Decompose — HPSS, masks, and vocal separation

decompose operates on spectrograms. It carries pleco-xa’s single canonical harmonic/percussive source separation (HPSS), the soft-mask primitive underneath it, nearest-neighbour filtering for REPET-SIM-style repetition removal, and pleco’s own vocal-separation flagship — a multi-scale spectral fingerprinting pipeline that pulls a vocal out of a mix using nothing but DSP. There is no machine-learning model anywhere in this namespace: zero weights, zero inference runtime, no ONNX, just median filters, masks, and gradient-optimised EQ curves.

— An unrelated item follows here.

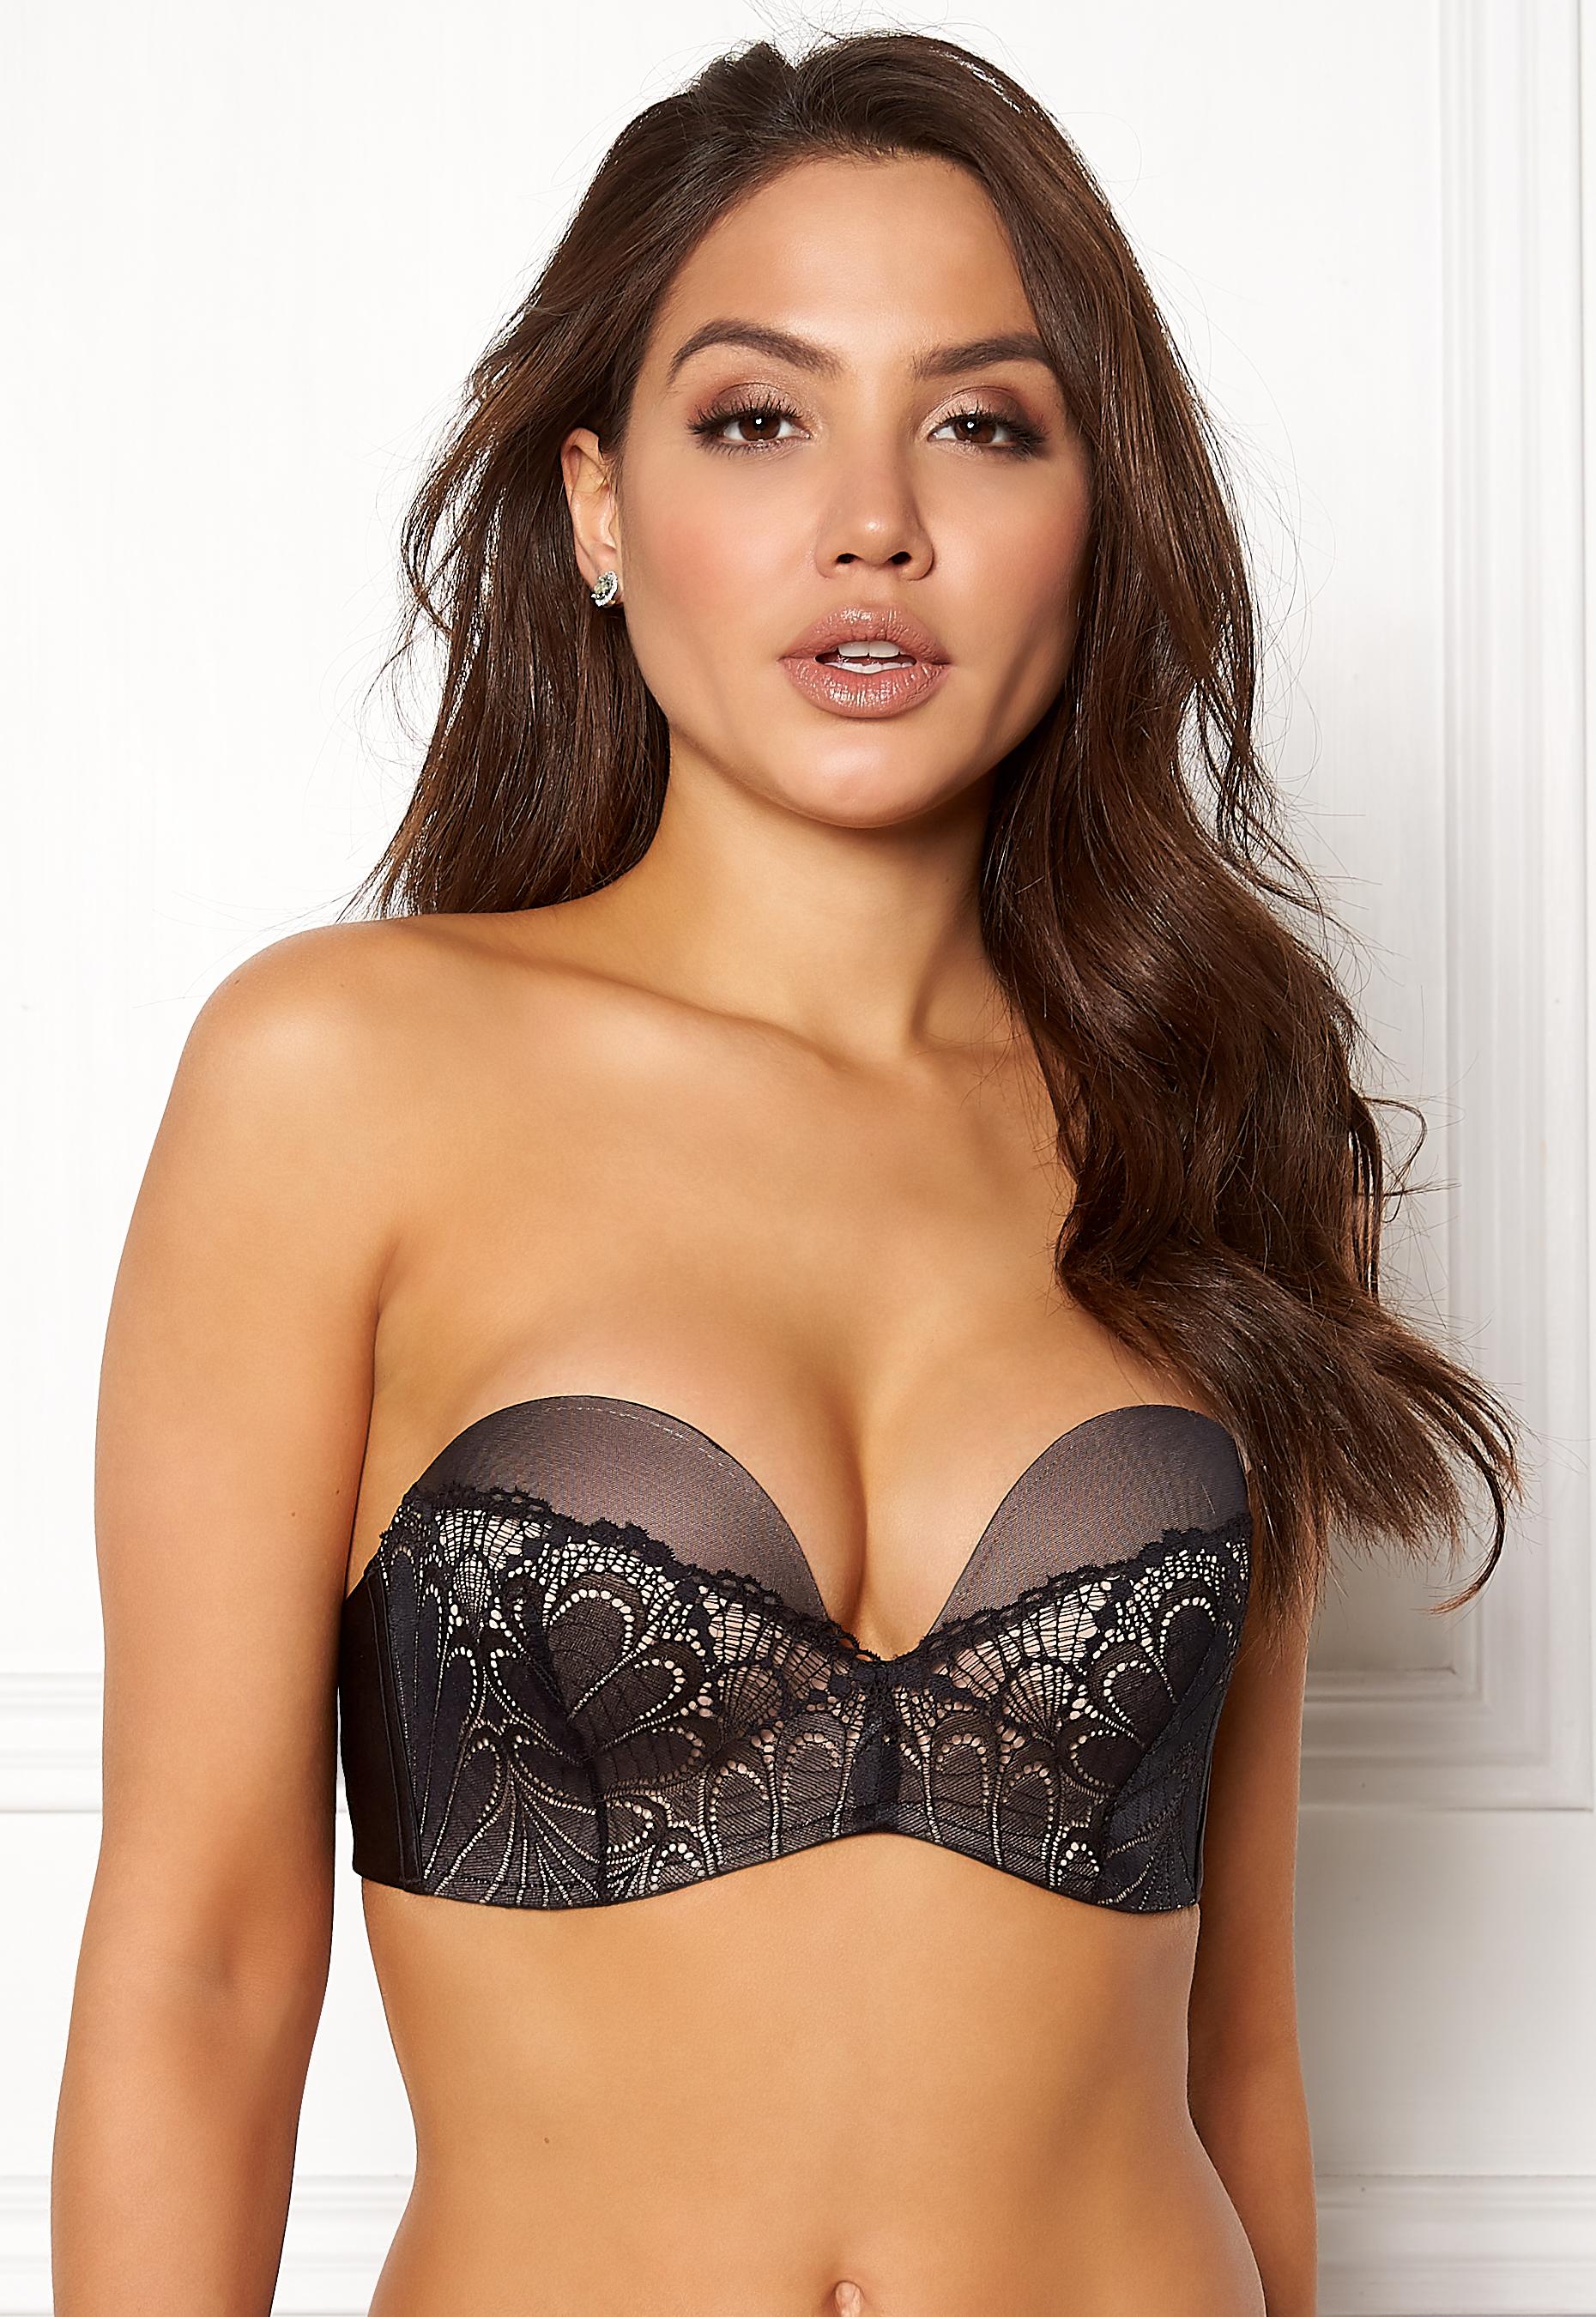 308b90dc4e553 Wonderbra Glamour Perfect Strapless Bra Black - Bubbleroom

The HPSS/softmask core is fixture-gated in CI (hpss.json, including margin=2); harmonic + percussive ≈ the input at margin=1.

Verified against the built barrel (decompose namespace):

  • hpss(S, opts){ harmonic, percussive } spectrograms. Default (mask: false) returns the masked components S · mask, so harmonic + percussive ≈ S at margin=1. Accepts magnitude rows or complex {real, imag} bins (phase is reapplied).
  • softmask(X, X_ref, opts) → mask matrix X^p / (X^p + X_ref^p) with rescale-by-max stabilisation; power: Infinity gives a hard mask (X > X_ref).
  • nn_filter(S, opts) — replace each frame by an aggregate of its nearest neighbours in a recurrence graph. aggregate: 'median' + metric: 'cosine' + a width band is the REPET-SIM configuration.
  • processAudioToFingerprints(audioBuffer, nFft?, hopLength?) — the vocal-separation entry point: multi-scale spectral fingerprints from an AudioBuffer-shaped input.
  • optimizeEqCurves(vocalFps, mixtureFps, mixtureMag, numWindows, sr, ...) — gradient descent for the per-window EQ curves that isolate the vocal.
  • reconstructVocal(mixtureStft, eqCurves, sr, nFft?, hopLength?)Float32Array of the reconstructed vocal.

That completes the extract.